The listing below must be repeated word for word, without its pictures.
======== INPUT DATA ========
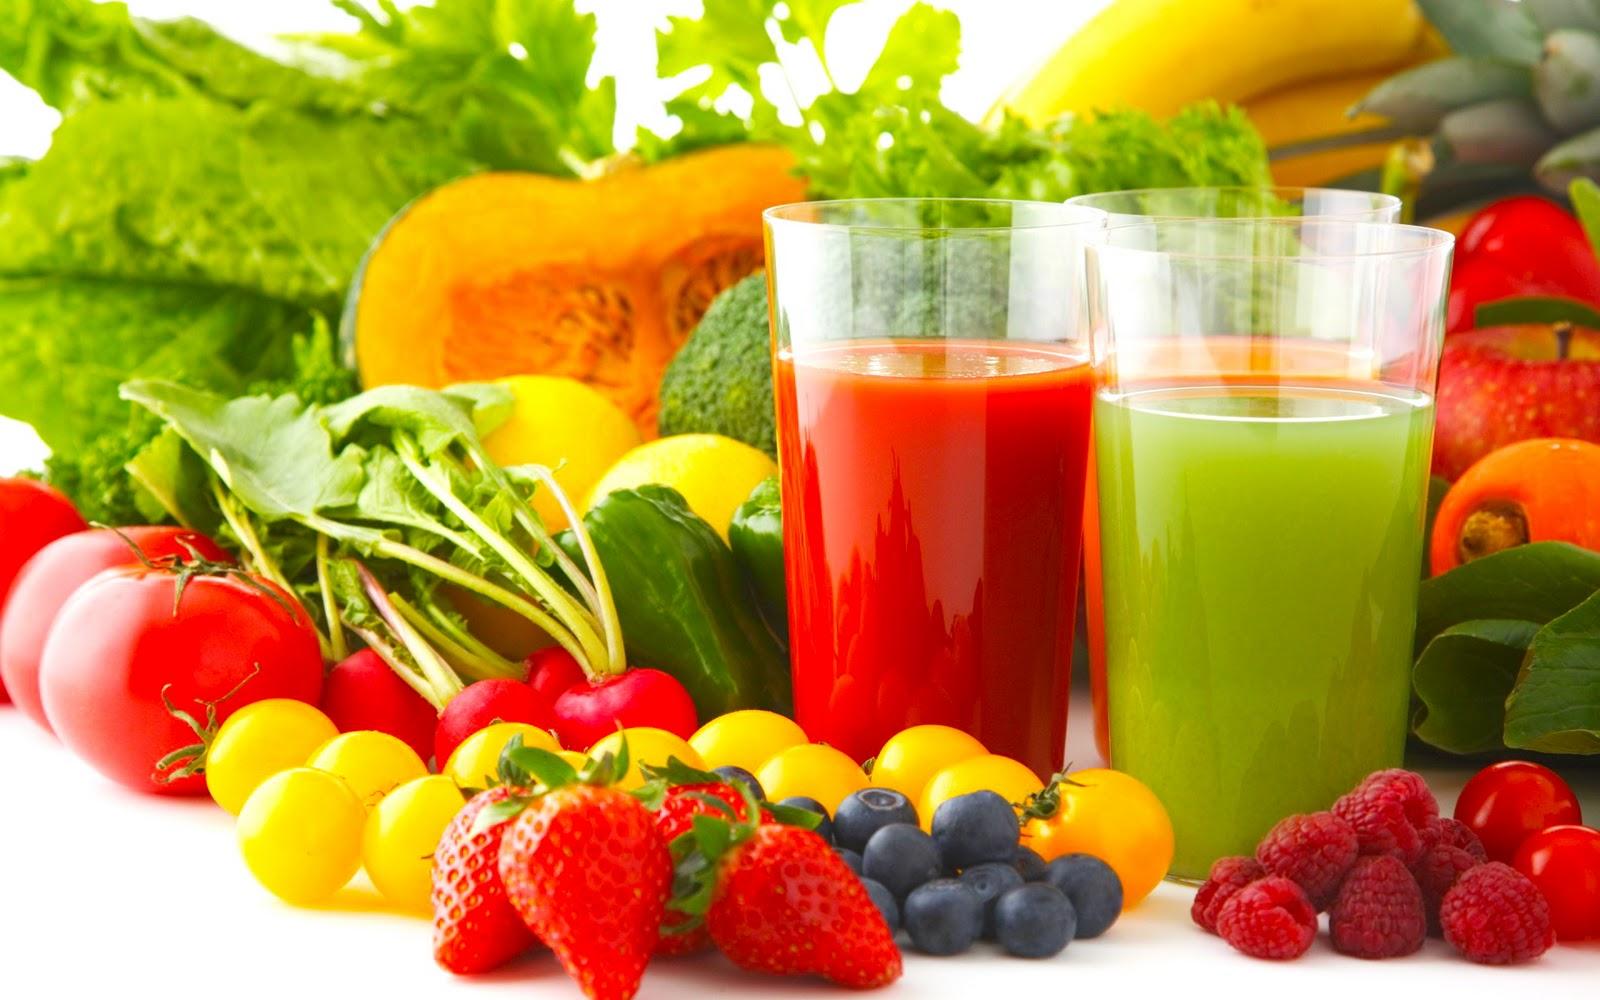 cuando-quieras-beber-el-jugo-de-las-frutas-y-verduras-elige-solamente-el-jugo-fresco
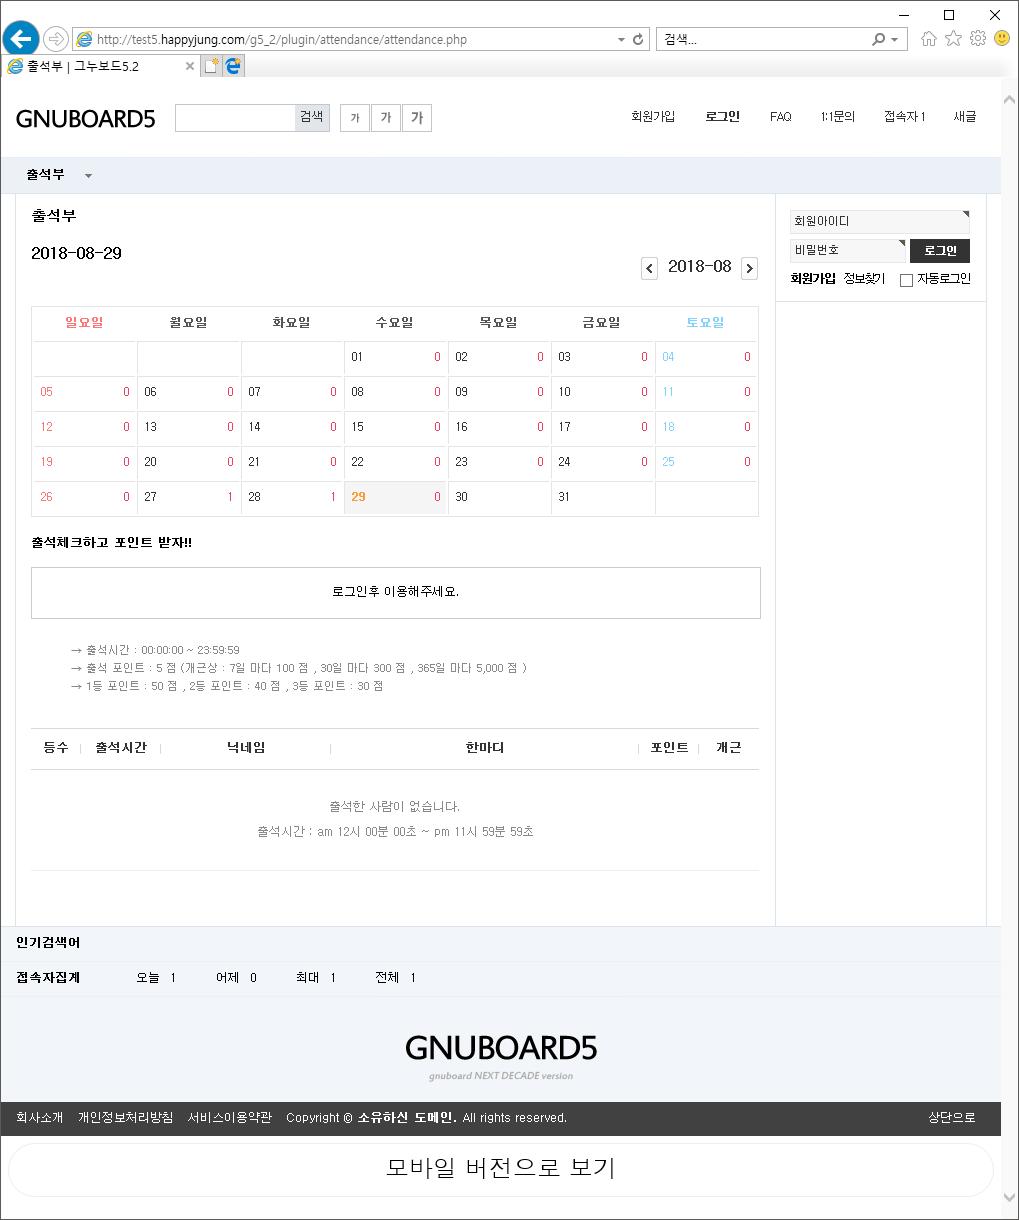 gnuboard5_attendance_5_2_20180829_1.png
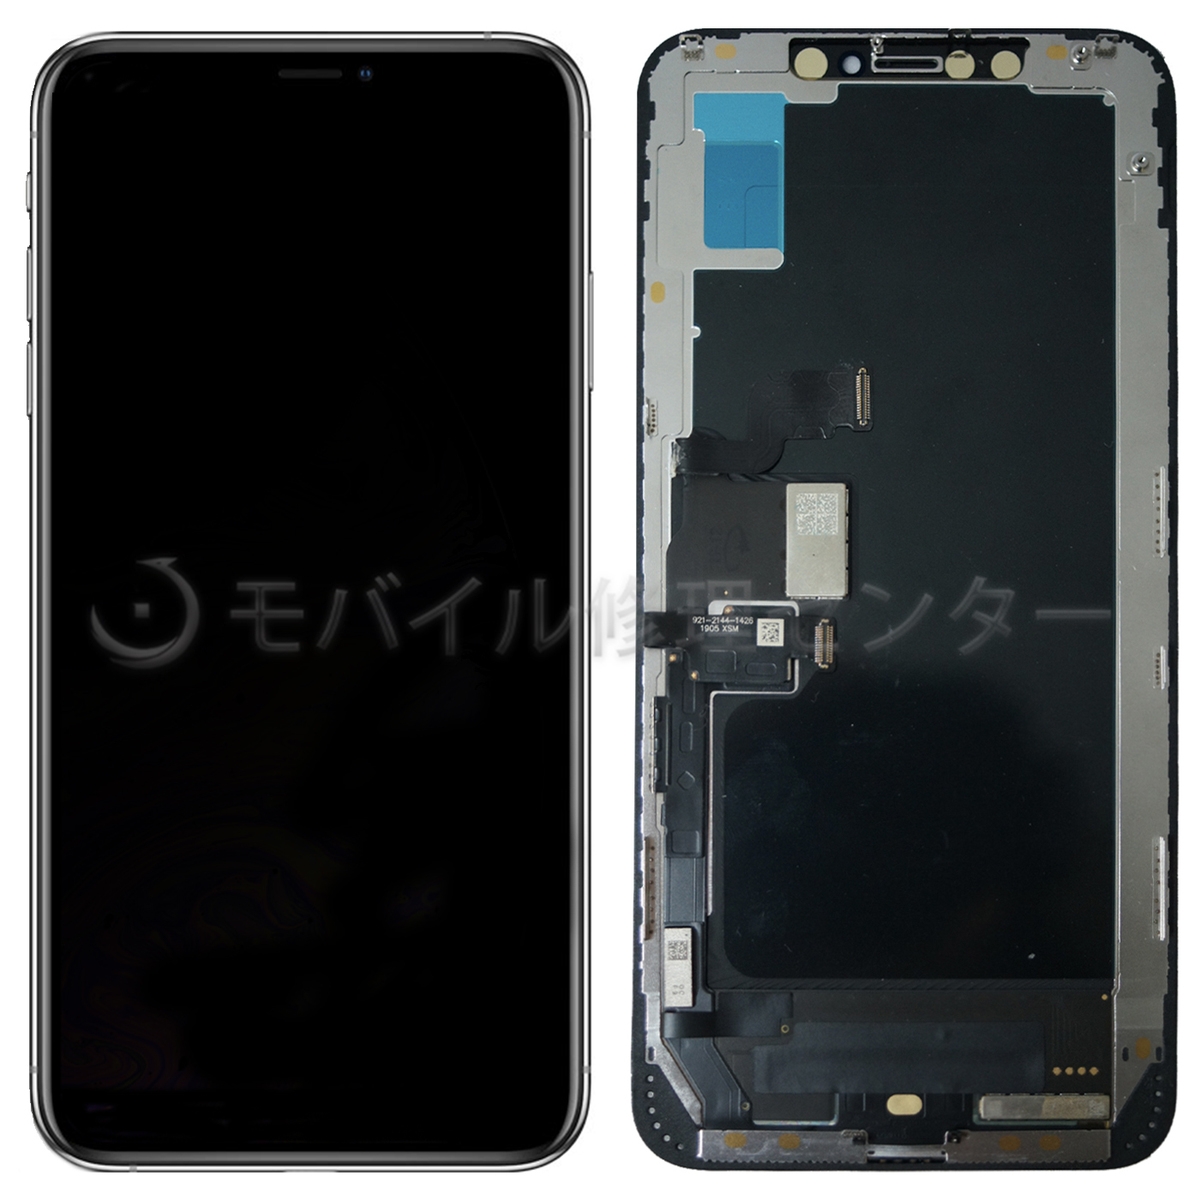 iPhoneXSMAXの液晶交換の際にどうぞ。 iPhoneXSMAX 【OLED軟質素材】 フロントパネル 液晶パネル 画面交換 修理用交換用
========
_ANSWER TO THE PROBLEM_
 cuando-quieras-beber-el-jugo-de-las-frutas-y-verduras-elige-solamente-el-jugo-fresco
 gnuboard5_attendance_5_2_20180829_1.png
 iPhoneXSMAXの液晶交換の際にどうぞ。 iPhoneXSMAX 【OLED軟質素材】 フロントパネル 液晶パネル 画面交換 修理用交換用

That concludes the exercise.